Hold on Tight
Saturday morning, the day before Easter, I was driving to the grocery store about 15 miles away. In the distance, I saw something in the sky. As I got closer, I noticed it was a kite. Immediately, I thought of the times my husband and I would take our son and daughter out to an open field and fly kites when they were young. I could see it vividly in my mind. We would have a lot of fun just spending time together as a family.
“Well, today, I’m going to go buy a kite and fly it," I thought. I wanted to do that for my son, Byron, who is now in Heaven. It had only been 11 weeks since he moved. My heart has been so broken. I felt as though it would bring some sense of healing. After all, this healing is coming in very small increments and anything that aids in this process, I try to do.
When I got home from grocery shopping, I realized I had forgotten to buy a kite. I was so upset. We live in a very small town and it’s not likely I would find a kite there. “Oh well, I’ll just have to fly a kite another day,” I said to myself.
The next day, I was really having a tough time. My husband and I had a disagreement. Some very hurtful things were said (which can be very dangerous during a time of grieving). In times like that, if you’re not careful, the enemy sneaks in and before you know it, there is an explosion of emotions. The next minute, my husband was leaving in his truck to go work his sideline job. He needed to get away for a couple of hours.

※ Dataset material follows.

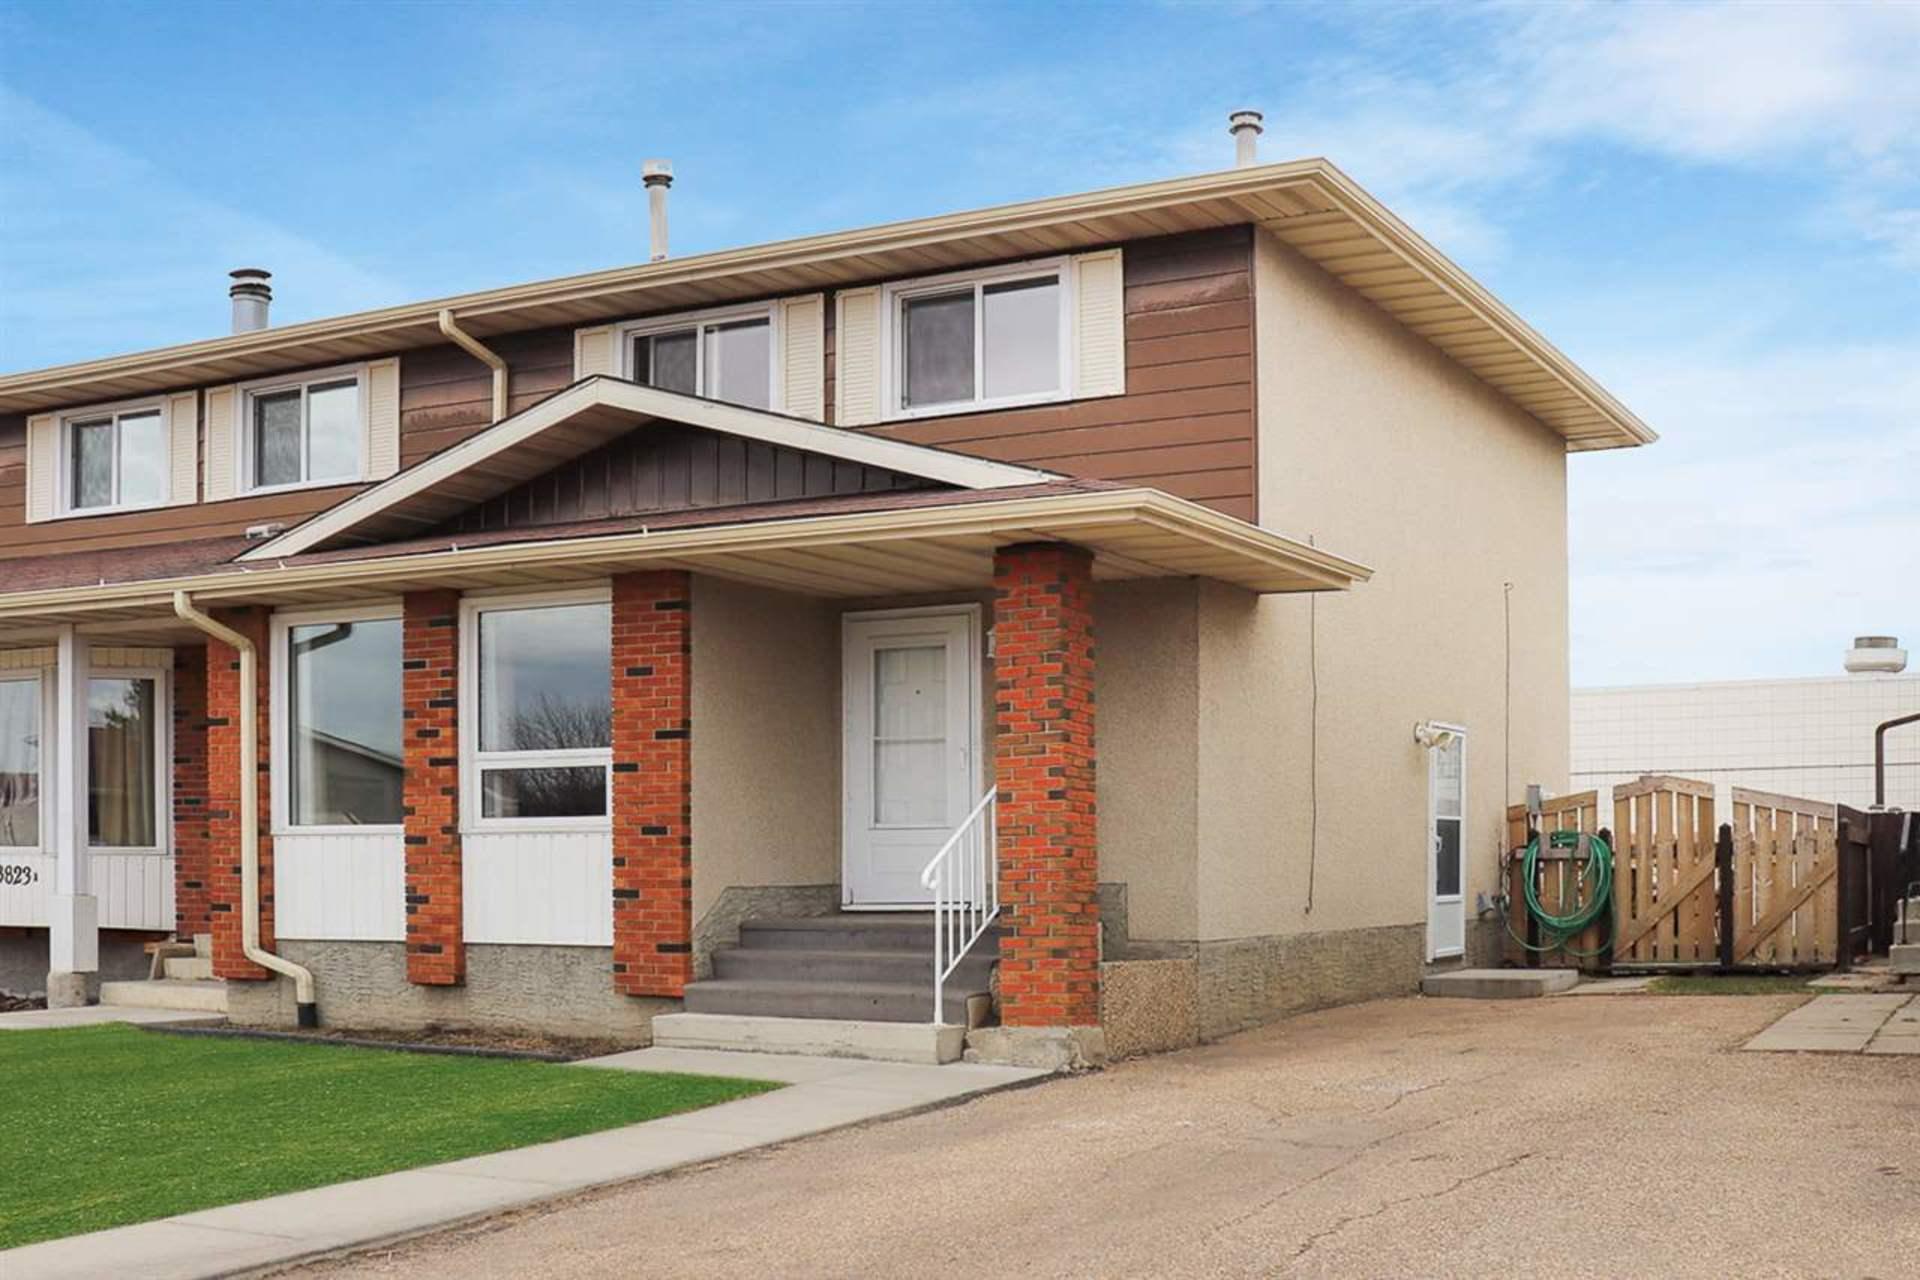 13823 114 Street, Carlisle, Edmonton
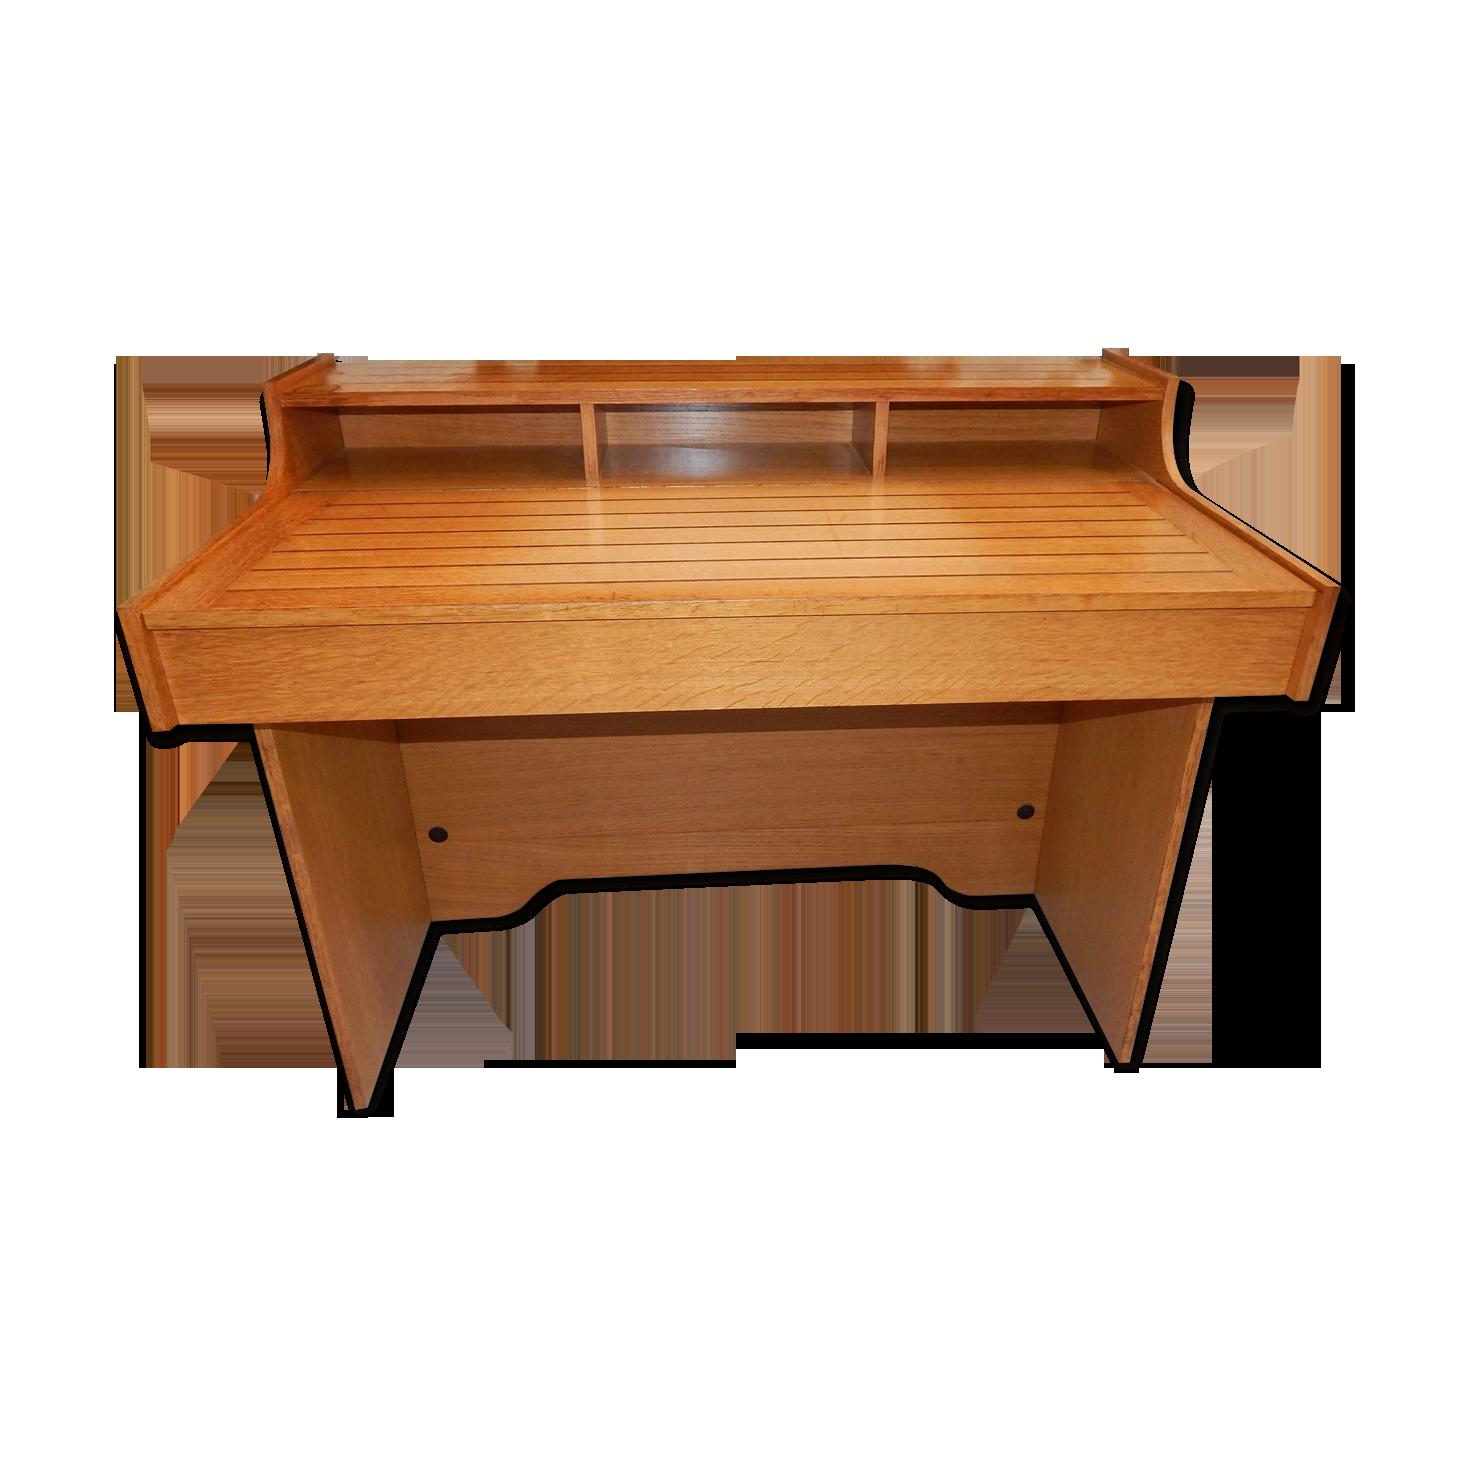 Bureau design gautier année bois matériau marron

I sat down and cried hysterically, saying over and over, “Byron, I miss you so much. I really miss you. I wish I could talk to you. Please God, let Byron speak to me.” Byron and I, over the years, had become very close friends — not just a mother and son relationship. We had to spend a lot of time together due to a health situation. He and I always prayed for and encouraged each other. I was really feeling that void in my life that day.
Later that evening, I felt the Lord tell me that I needed to make peace with my husband. We had sown too much into our family to just let our marriage go down. I certainly wasn’t going to give the devil ground. Remember, your enemy never backs off when you are faced with a crisis. So, I tried to sit down with my husband and talk things over. Well, it didn’t get much better — but at least we were civil to each other. I kept praying for the Lord to help us.
About an hour later, I sat down at Byron’s laptop computer. I was just looking around for whatever I could find. I came across something that Byron had written. It was the start of a Devotion he was working on.
Byron wrote:
Hold on Tight!
By Byron BohnertI remember as a kid when my parents would take my sister and me out to fly kites. They always helped us get our kite up in the air and once the kite was flying good, they’d hand us the kite string and say, “Be sure to hold on tight and don’t let go.” There were no problems when you held on tight, but if you accidentally let go, the kite would take off.
Wow, God answered my prayers again! Why was I ever in doubt? There it was in black and white. I knew Byron was writing about hanging on to Jesus in his devotion. I started crying when I read the paragraph. My husband walked over and asked what was wrong. When I shared with him that I believe Byron is telling us to hold on tight and don’t let go, he broke down crying. He apologized to Byron and me for how he had acted that day. There was another answered prayer. The Lord did help us bring this conflict to an end.
I would say to you, “Continue calling upon the Lord, Jesus. Whatever happens in your life, don’t let go of Him. Keep striving to live in peace and harmony with each other, even when things seem to be getting worse. He will send the help you need and it will always come in a way you never thought.”
By the way, I’m going to the store today to buy a kite. I will fly that kite and hold on tight. That’s how I’m celebrating the first Easter without my son. Yes, I’m hurting but at least I know my son, Byron, is able to be in the presence of God’s son, Jesus. Isn’t that what Easter is all about?